Apple pie with vanilla ice creamProfiteroles with chocolate sauce
I swore I would never do this, but OMG! No, wait: Oh.My.God. That wasn't apple pie, it was a French apple tart with vertical rows of apples. They stood up like Napoleon's army. They were caramelized and dusted with powdered sugar. They should have come with a warning label. The noise level at our table increased as we tried to outdo each other in homage to that dish. The cream puffs were only slightly less impressing, and only because there's just something about apples & vanilla ice cream to the American palate. Yet the choux pastry was fluffy and airy. The cream filling ever so sweet. The chocolate sauce would have driven you to your knees.
 
I mentioned earlier the suffering of my fellow diners. How do you think I got such terrific photographs? Every time a plate came out, I forced everyone to wait while I lined up the perfect shot. Nibbling was prohibited and enforced under threat of bodily harm. And yet, uncomplaining, my pals endured my fastidiousness. In recompense, I picked up the tab.

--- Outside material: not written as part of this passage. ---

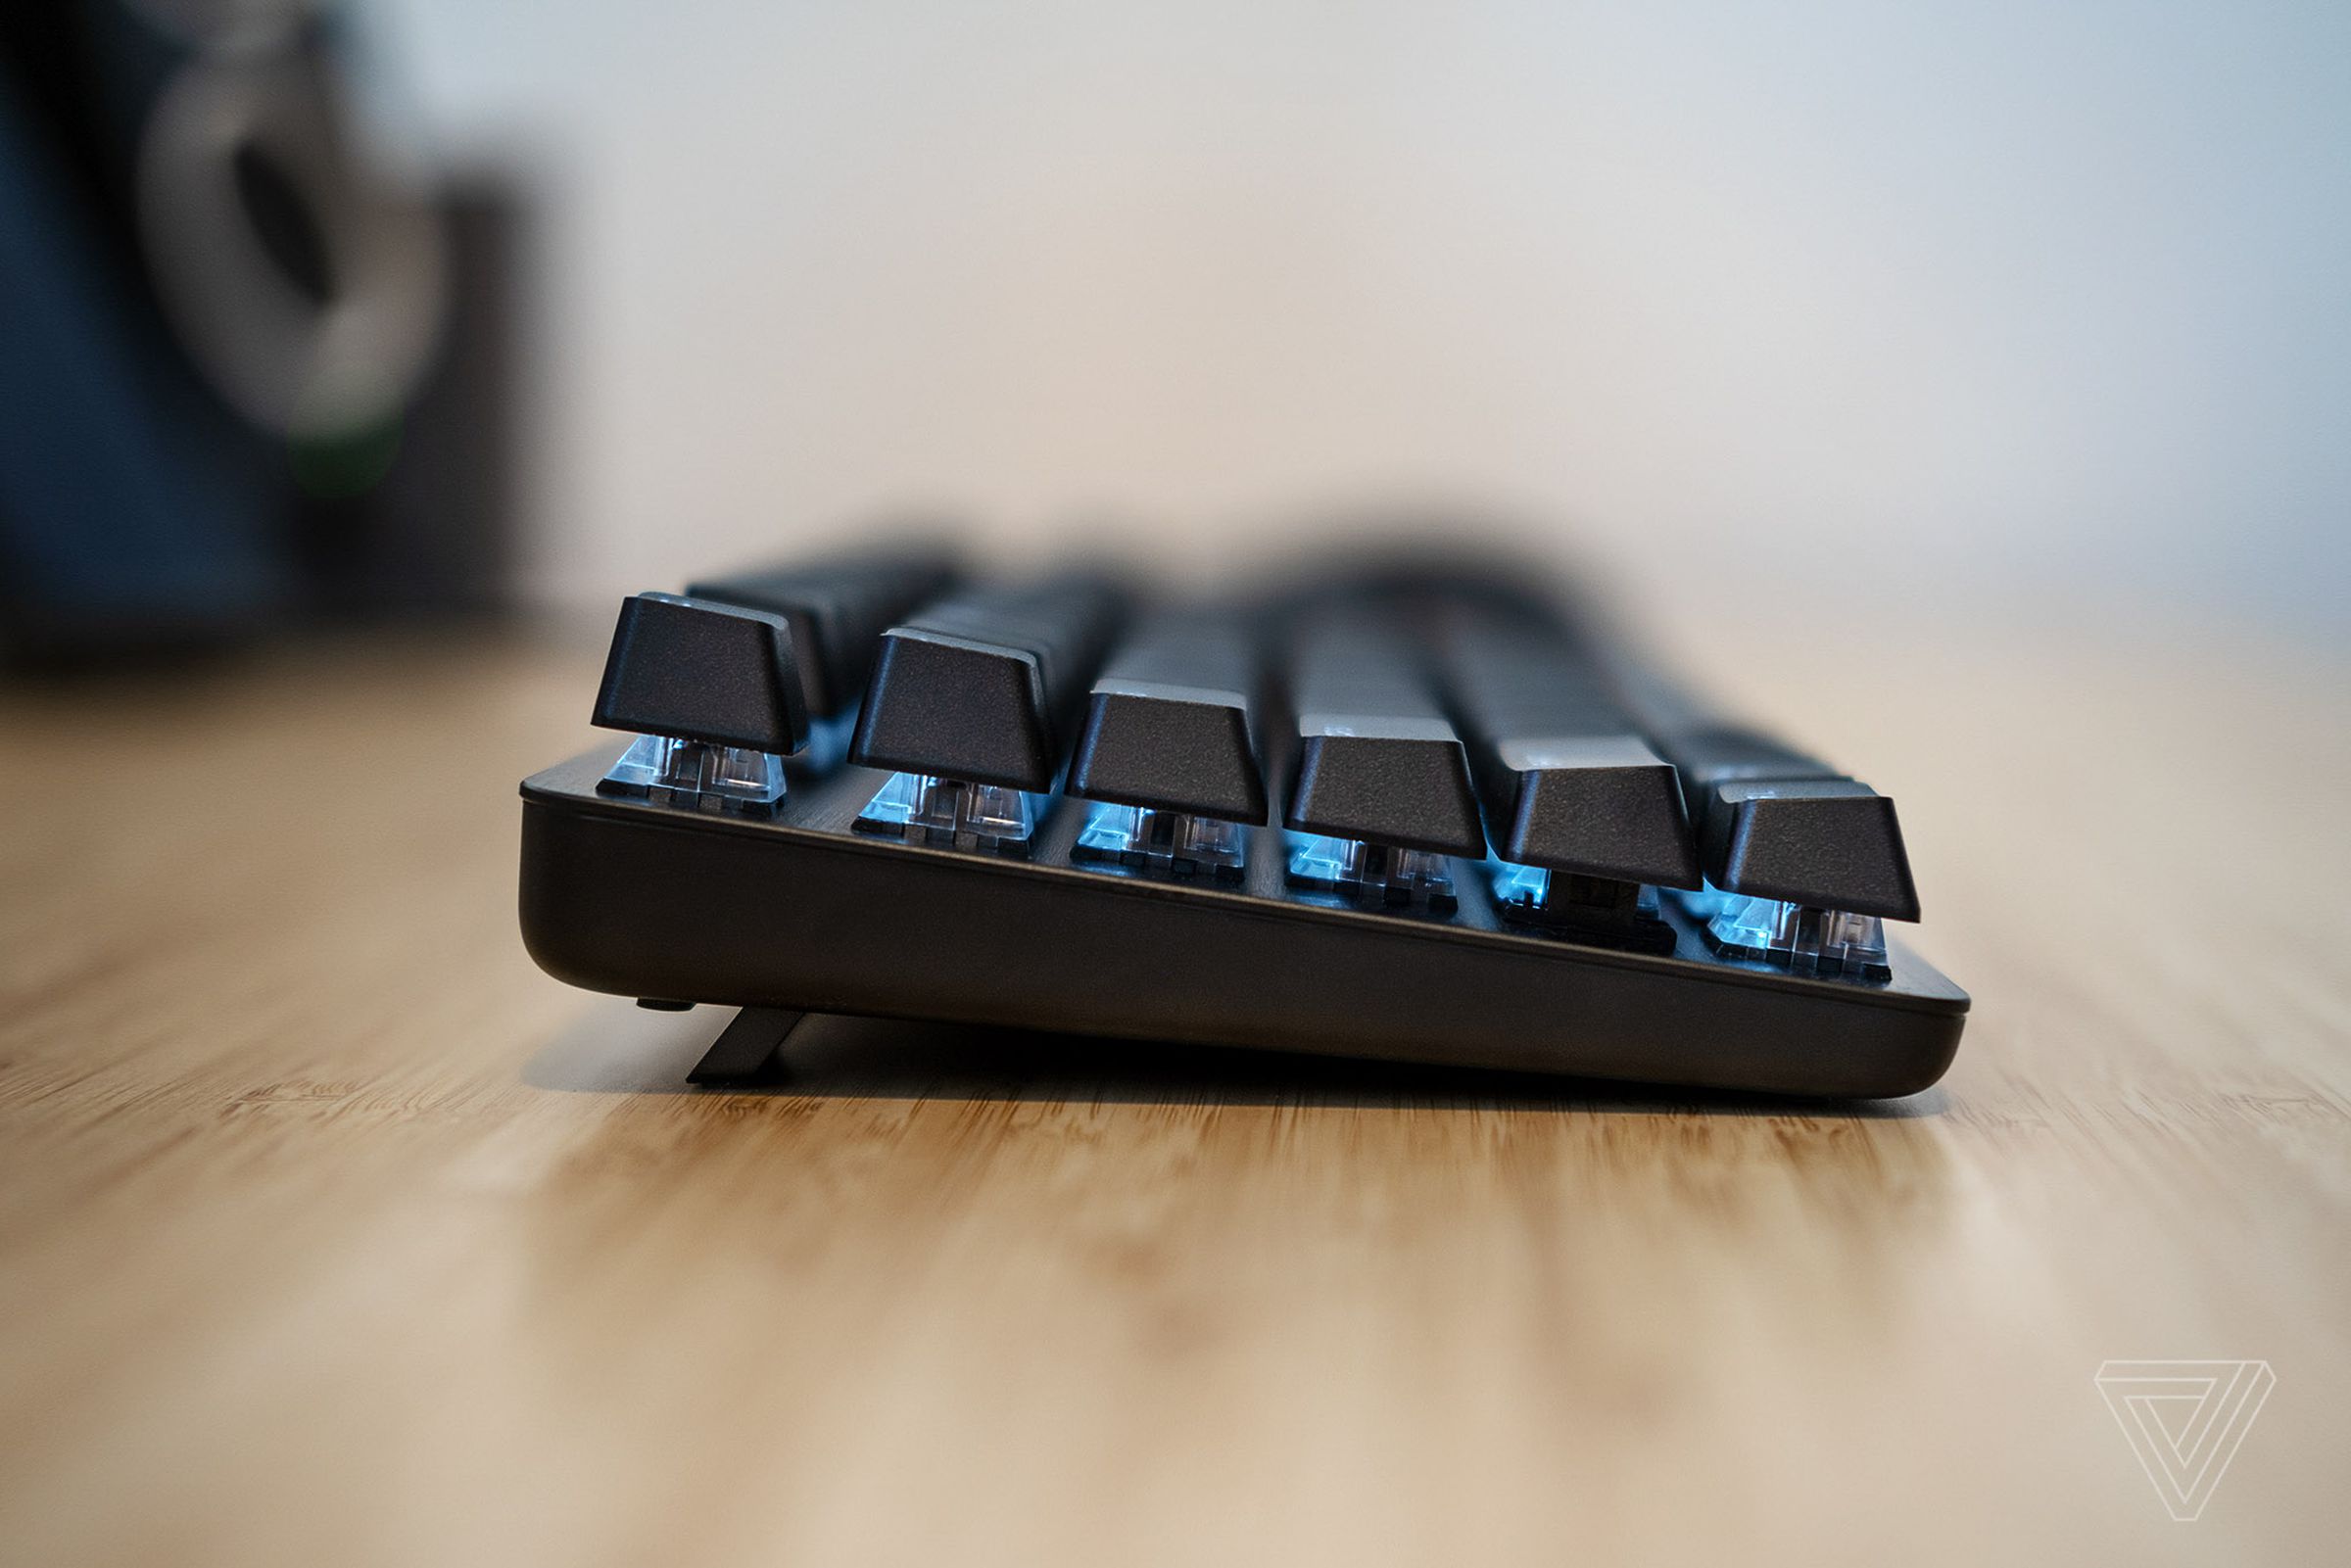 Plastic feet let you adjust the angle of the keyboard.

Worth every bite, do-over, and penny!
 
Buena Vista Bistro
4582 NE 2nd Avenue
Miami, FL 33137
305-456-5909

Open 11am - midnight, Tuesday through Sunday; 1pm - midnight Mondays. Virtually every entrée is under $20, and there's an enviable French and American wine list.
 
Buena Vista Bistro facadeBuena Vista Bistro wine racksBuena Vista Bistro interior
 
 
Bon appétit - Blog O. Food
 
 
* "Like Water For Chocolate" and "Big Night" are the other two entries rounding out my ruling body of three.